うつや麻痺を引き起こす「スマホ首」、セルフチェックと予防法を解説

 老若男女、年代を問わずスマホを使うことが当たり前になった現代。スマホの圧倒的普及により、急激に増えているのが、“スマホ首”と呼ばれる、ストレートネックだ。通常、人間の首を支える頸椎は緩やかなアーチを描いた状態が正常だが、スマホ首の人はまっすぐに伸びているため、どうしても首にかかる負担がかかり、肩こりや首の痛み、腰痛を引き起こす原因になる。その状態でいると最悪の場合は下半身麻痺につながることもあり、また神経が圧迫されることで自律神経が乱れ、うつなどの精神的な疾患を引き起こす可能性があるため、決して侮ってはいけない疾患なのだ。

 自分がスマホ首かどうかをセルフチェックする方法は簡単。壁に背を向けてまっすぐ立ち、かかと、お尻、肩甲骨の3ヶ所を壁に密着させる。
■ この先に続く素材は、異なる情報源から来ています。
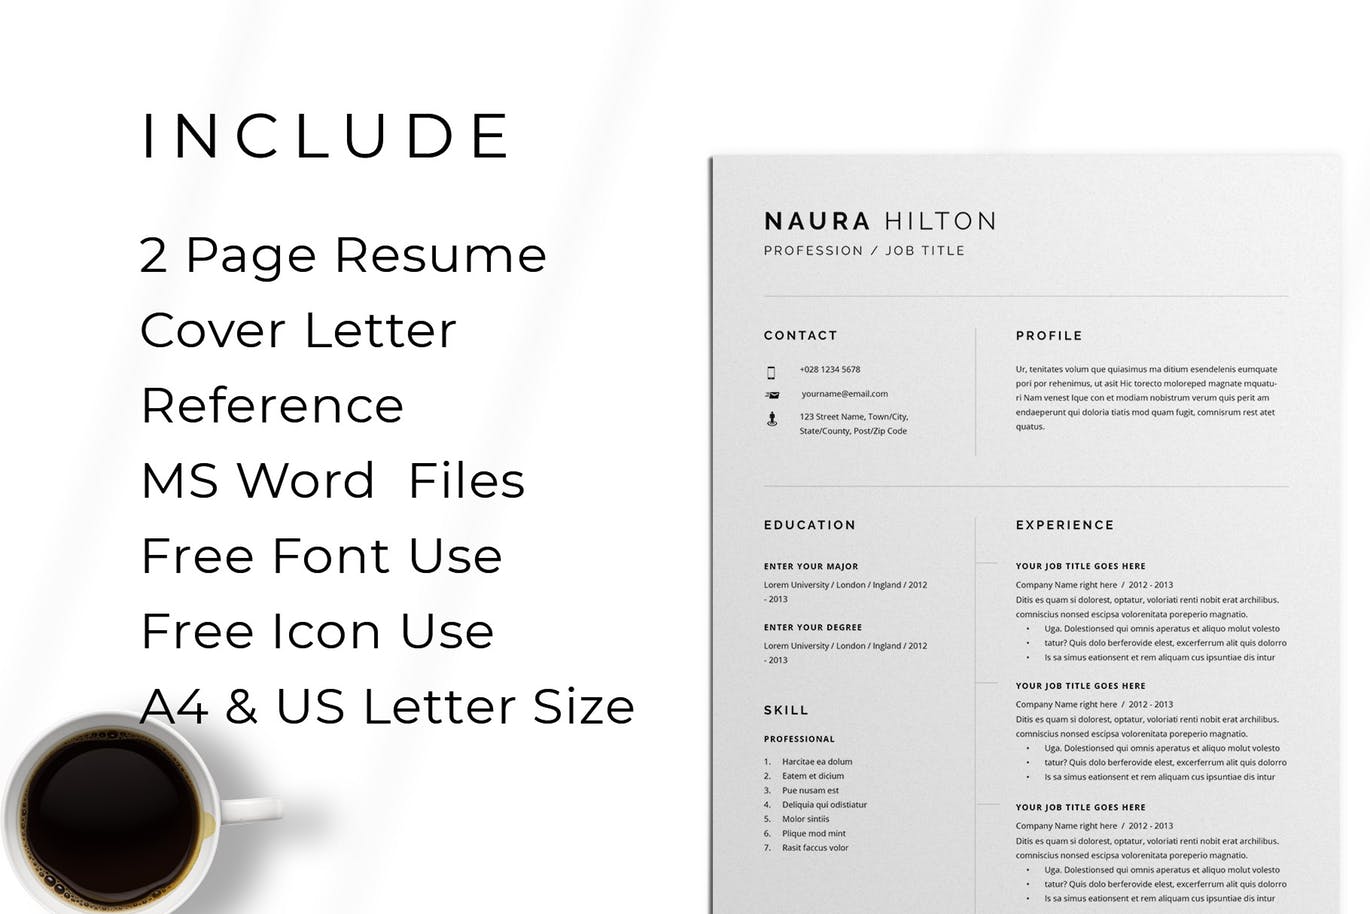 极简设计风格求职简历&推荐信设计模板 Resume + Cover Letter插图(4)

そのまま壁に後頭部が密着すればスマホ首ではない。だが、後頭部が壁につかなかったり、壁についても強い痛みや息苦しさを感じる場合は、スマホ首になっている可能性が高いといえるだろう。

 スマホ首になる原因はさまざまで、たとえばデスクワークでパソコンの画面を前のめりになって見続ける、下向きになって書類を読み続ける、また前傾姿勢で長い間文章を書いたりすることで、知らず知らずのうちに発症しているケースが多いため、「姿勢が悪いな」と気が付いたら正しい姿勢に戻すことが重要だ。
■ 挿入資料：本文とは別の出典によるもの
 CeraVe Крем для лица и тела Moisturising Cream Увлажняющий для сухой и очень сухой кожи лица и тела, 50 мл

 スマホ首予防のためには、スマホを見る際には画面を覗き込まず、目の高さに合わせ、正しい姿勢を維持する。パソコン使用時も同様にPC画面が目線のやや下に来るよう、椅子の高さを設定し、出来るだけ頭を下げすぎないようすることがポイントだ。

 とはいえ、仕事や趣味に没頭していると、わかってはいても、なかなか姿勢を直すことは難しい。そこで、首や肩に痛みが出た際、是非おすすめなのが、首周りのストレッチだ。
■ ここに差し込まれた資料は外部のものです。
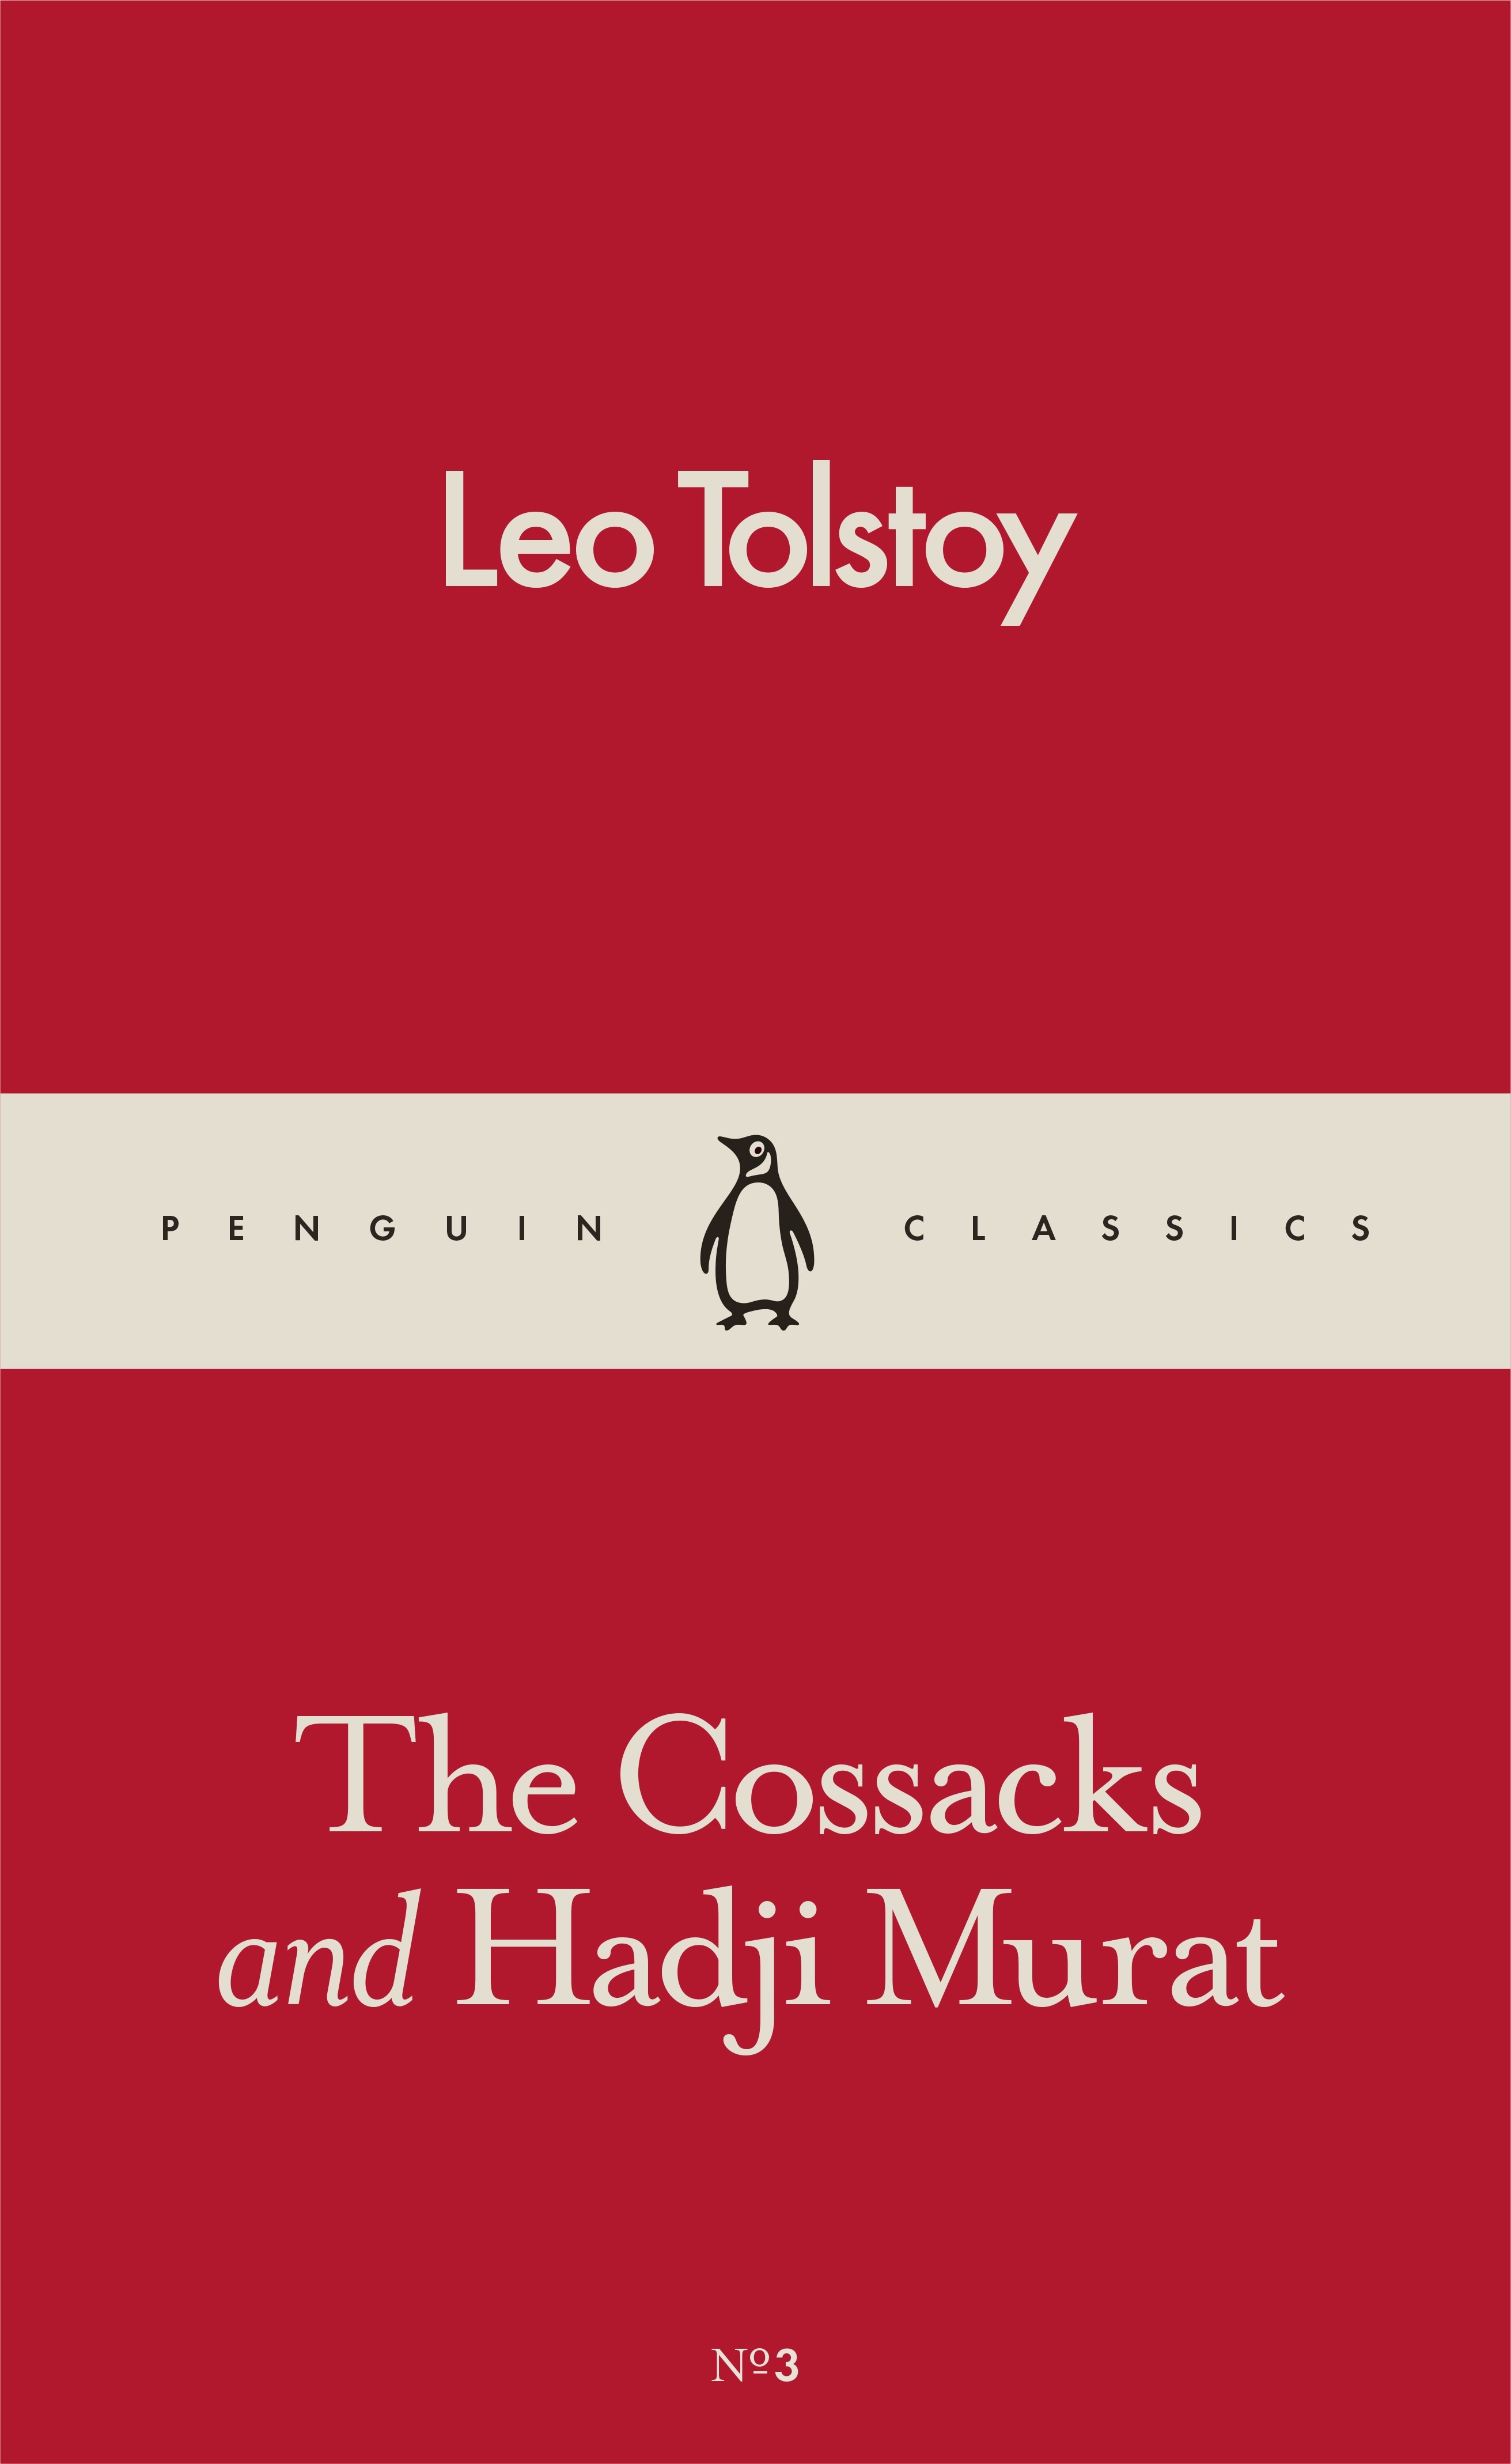 Book “The Cossacks and Hadji Murat” by Leo Tolstoy — May 26, 2016

 ただし、首には様々な部分にツボがあり、指だけを使いピンポイントで強く押してしまうと、揉み返しが来て症状を悪化せてしまう場合がある。そこで試してもらいたいのが、テニスや軟式野球のボールを使ったストレッチだ。ボールをダイレクトに首にあてることに抵抗がある方は、手ぬぐいなどでボールを包み、耳の後ろにボールをあて、首を左右に振る。スマホ首になると、耳の後ろから鎖骨にかけて伸びる胸鎖乳突筋が固まり、首の骨本来のクッション性が失われる。だが、胸鎖乳突筋がある鎖骨側には甲状腺や頸動脈などが通っているため、強い刺激は避けるべき。なので、たとえば机に肘をついたままの状態でボールをあて、頭の重さだけで首をゆっくり左右に振ってほぐしていく。イメージ的には、首と頭蓋の境にボールをあて、頭の重さを利用して緩めるという感じだろうか。

 また、スマホ首になると首周りだけでなく、肩甲骨や腰周辺に痛みが出る場合が多いので、時間があれば立ったまま壁にお尻をつけ、ほぐしたい体の部位にボールをあて、寄りかかったり離したりして筋肉やツボを刺激してみるのもいだろう。

 ただ、気持ちいいといっても、やりすぎには注意。もう少し、というところで止めておくのがストレッチの基本だということをお忘れなく。